How to calculate auc or roc or auc-roc score from y_true
and y_pred
values for SINGLE CLASS in y_true
using python code.
I have checked various similar questions on stackoverflow and internet but the task is not solved or the output is not that is expected.
Here is example of y_true
and y_pred
values.
y_true = numpy.array([1,1,1])
y_pred = numpy.array([0.36,0.82,0.46])
Or,
y_true = [1,1,1]
y_pred = [0.36,0.82,0.46]
As a mention, I have checked with various built-in functions of python libraries and found that although the true-positive-rate can be found but the false-positive-rate is shown as nan or not a number.
tensorflow and/or theano and/or pytorch and/or caffe and/or sklearn and/or other python libraries or modified function of python can be used to find AUC or ROC or AUC-ROC score value from y_true of single class value 1's and y_pred predicted scores.

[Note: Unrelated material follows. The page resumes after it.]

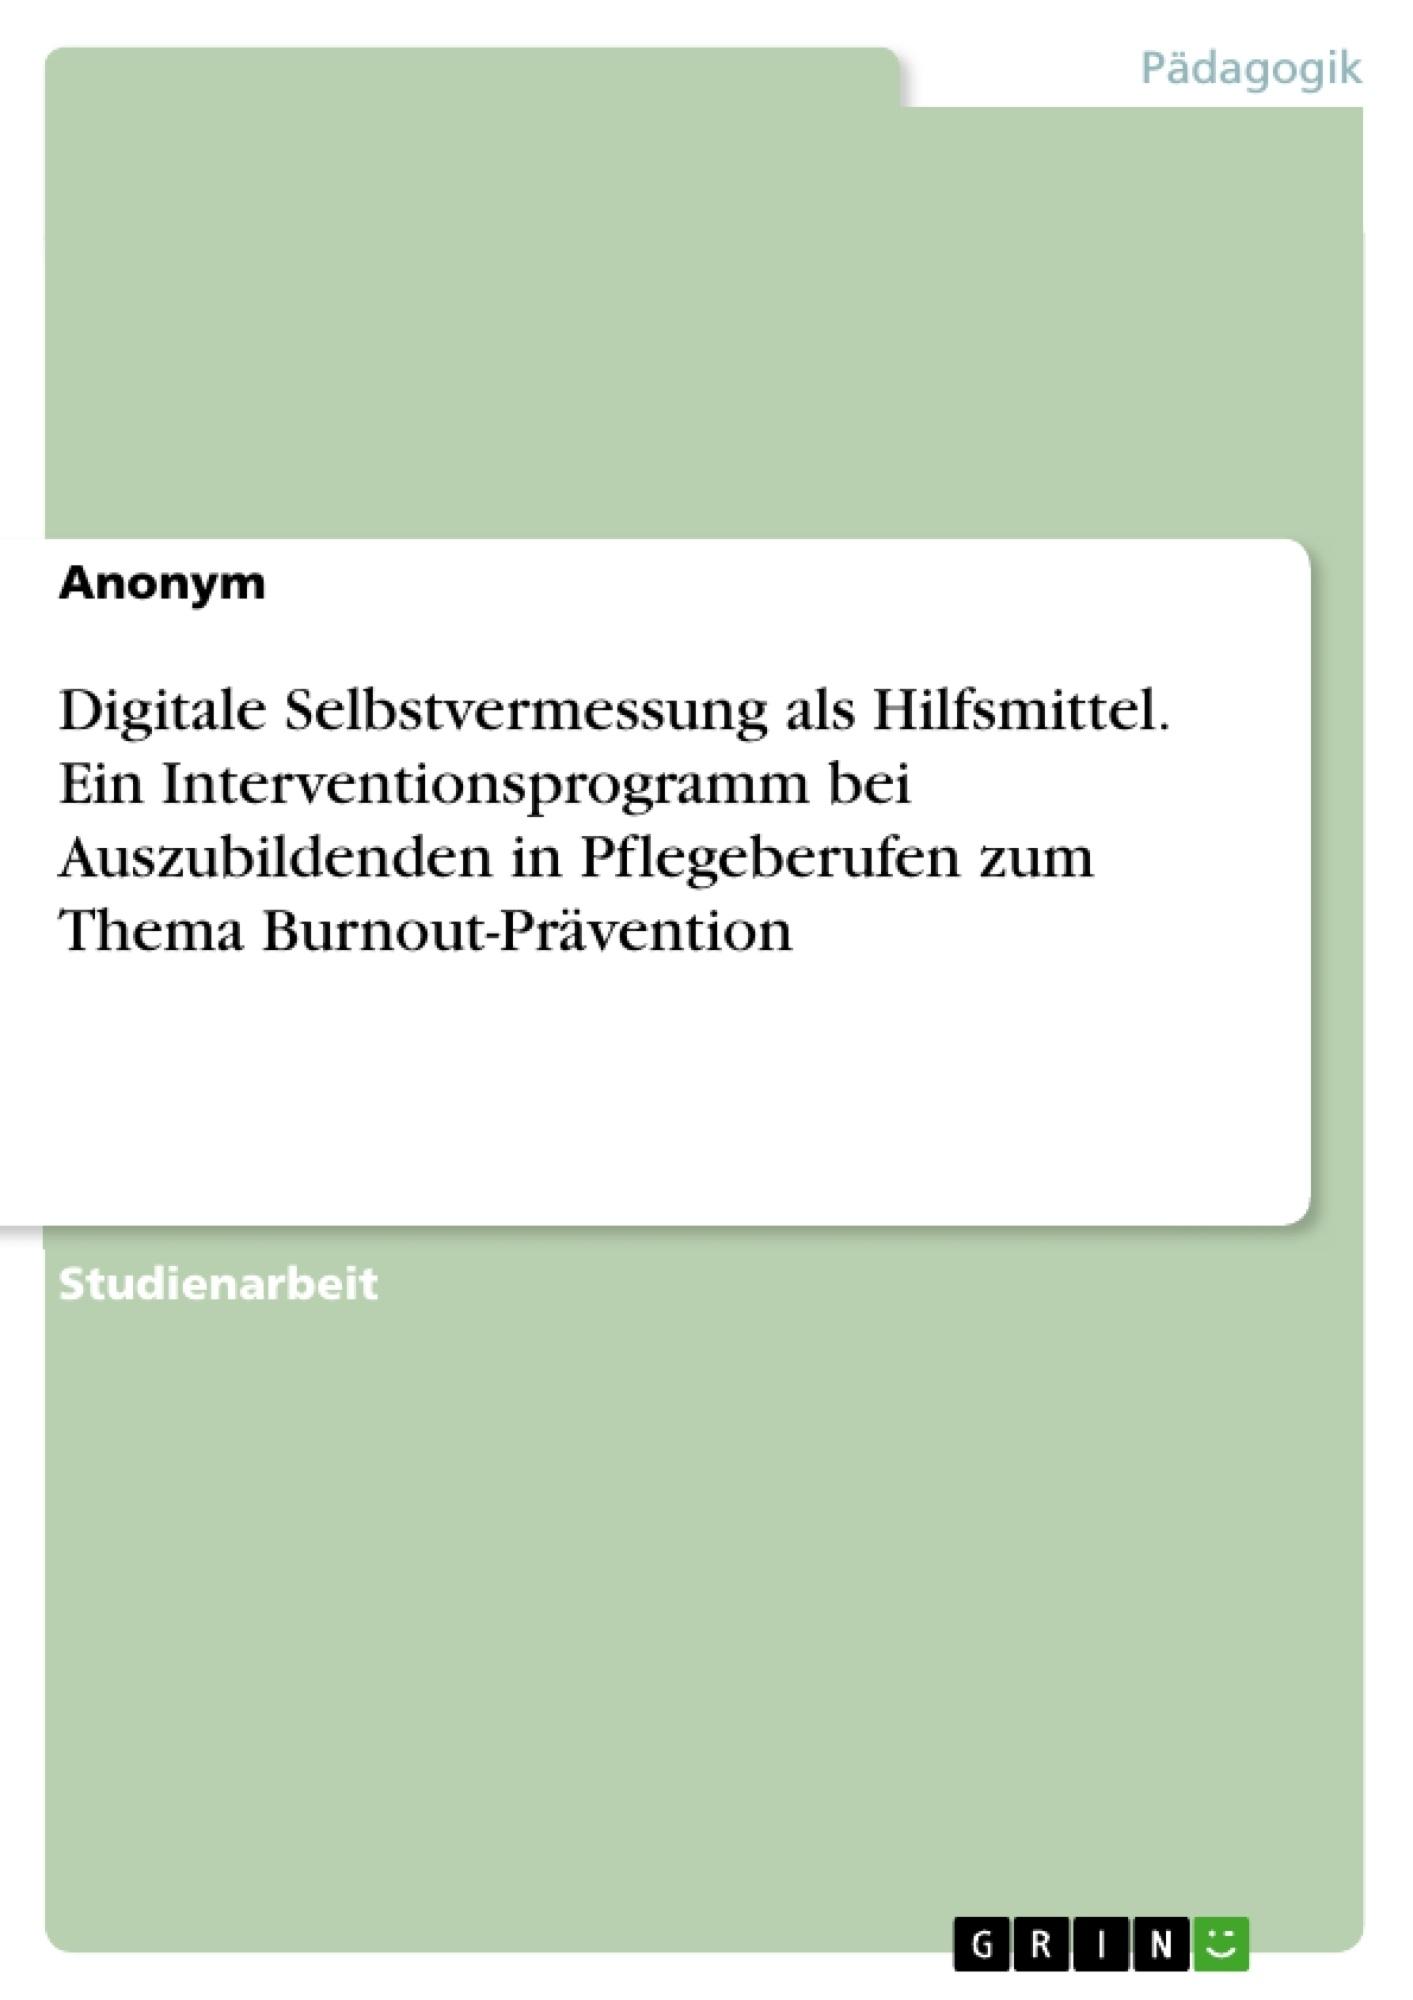 Titel: Digitale Selbstvermessung als Hilfsmittel. Ein Interventionsprogramm bei Auszubildenden in Pflegeberufen zum Thema Burnout-Prävention

Please comment if you need more details.
If you will read about how roc auc works (https://medium.com/@penggongting/understanding-roc-auc-pros-and-cons-why-is-bier-score-a-great-supplement-c7a0c976b679 or https://developers.google.com/machine-learning/crash-course/classification/roc-and-auc) you will understand, that roc auc it's not about scoring, it's about sorting. And there is answer on your question: if you try to calculate a class with one value, how can you sort it? - nohow, you can't sort it. That's why you can't calculate it.